GlobalData offers a comprehensive analysis of Lyft, providing key insights into its Environmental, Social, and Governance(ESG) factors. By closely monitoring and aggregating mentions of Net Zero and associated ESG keywords, GlobalData delivers valuable information on Lyft‘s ESG performance. GlobalData’s company profile on Lyft offers a 360-degree view of the company, SWOT analysis, key financials, and business strategy including insights on ESG implementation among other information. Buy the report here.
Lyft, a ride-hailing company, has made a commitment to reach 100% electric vehicles (EVs) by the end of 2030, according to its Economic Impact Report 2023 for the United States and Canada. Lyft's latest filings mentioned the keywords 'Electric Vehicles' and 'Emissions' most number of times in relation to 'Net Zero'.

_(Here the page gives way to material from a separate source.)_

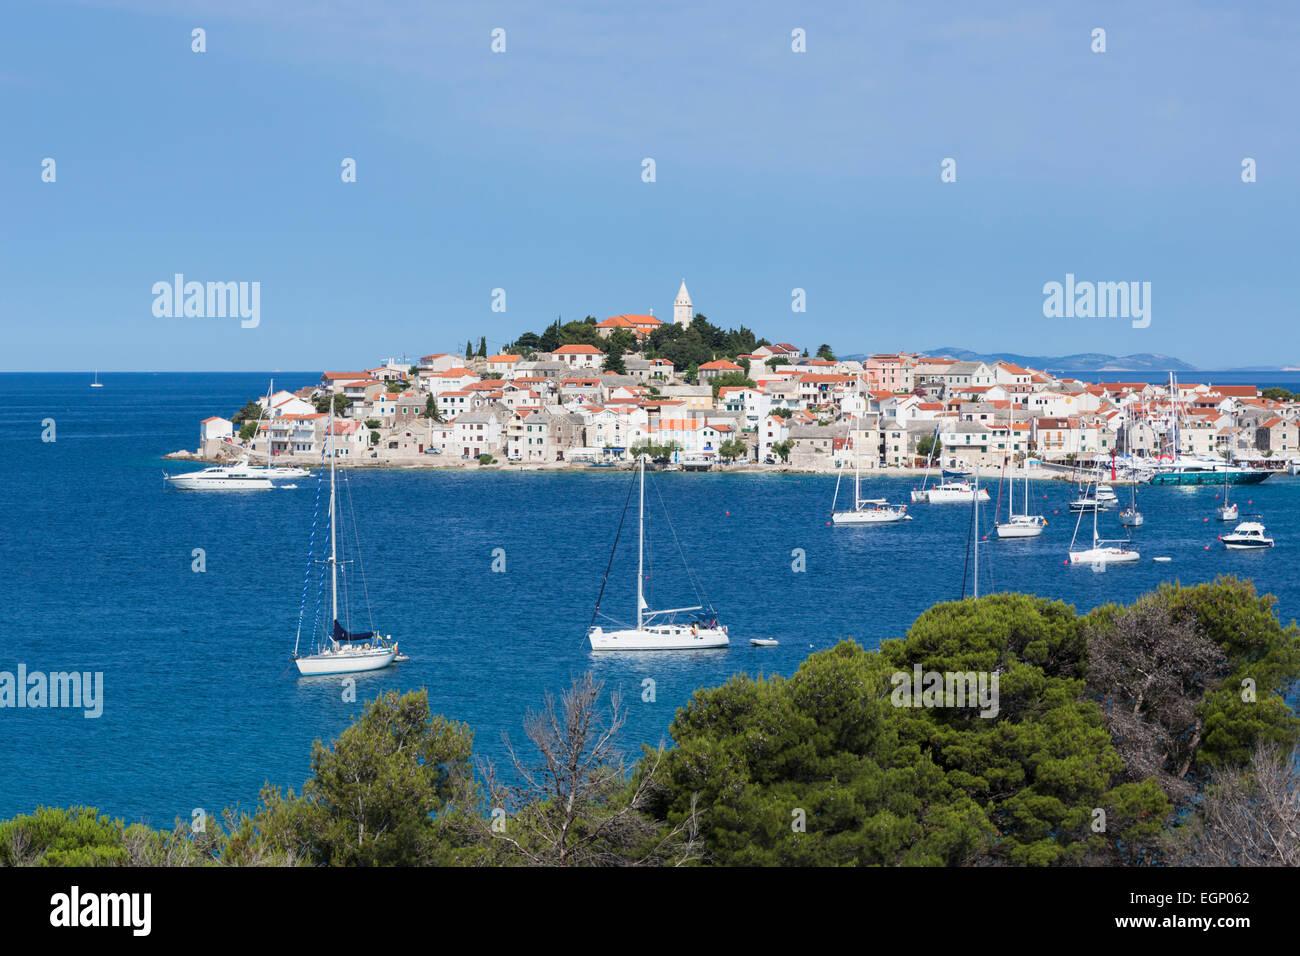 Primosten, Sibenik-Knin County, Croatia. Popular resort town on the Adriatic coastline. - Stock Image

The company has been working with various partners to accelerate the transition to EVs on its platform. Each rideshare EV can reduce up to three times more emissions per year than a personally owned EV due to high utilization. Lyft is building the future of low-carbon transportation and is committed to achieving net-zero emissions.
To achieve its net-zero targets, Lyft has taken steps to reduce its emissions, including transitioning to EVs on its platform. The company has also invested in carbon offsets and renewable energy credits to reduce its carbon footprint. In addition, Lyft has partnered with other companies to promote the adoption of EVs and has launched a program to encourage drivers to switch to EVs.
For context, in 2021, Lyft's gross greenhouse gas (GHG) emissions amounted to 1.5 million metric tons of carbon dioxide equivalent (MTCO2e), representing a 9.7% increase compared to the previous year. However, the company made progress in reducing emissions intensity per unit revenue by 43.4% and emissions per employee by 19.4%. These efforts demonstrate Lyft's commitment to decreasing its environmental impact while continuing to grow as a business. Scope 1 accounted for 0.07% of emissions, which includes direct natural gas consumption. Scope 2 represented 0.41% of emissions and includes emissions from purchased heating and electricity. The majority of emissions came from Scope 3, with rides accounting for 96.2% and non-rides accounting for 3.3%. Scope 3 emissions encompass various aspects such as Lyft rides, purchased goods and services, web hosting, business travel, employee commute, waste in operations, fuel and energy usage, micromobility transportation and distribution, co-working offices, consumer rentals, and mobile services.
In conclusion, Lyft is committed to achieving net-zero emissions and has made a significant commitment to transition to 100% electric vehicles by the end of 2030. The company has taken steps to reduce its emissions, including investing in carbon offsets and renewable energy credits and partnering with other companies to promote the adoption of EVs.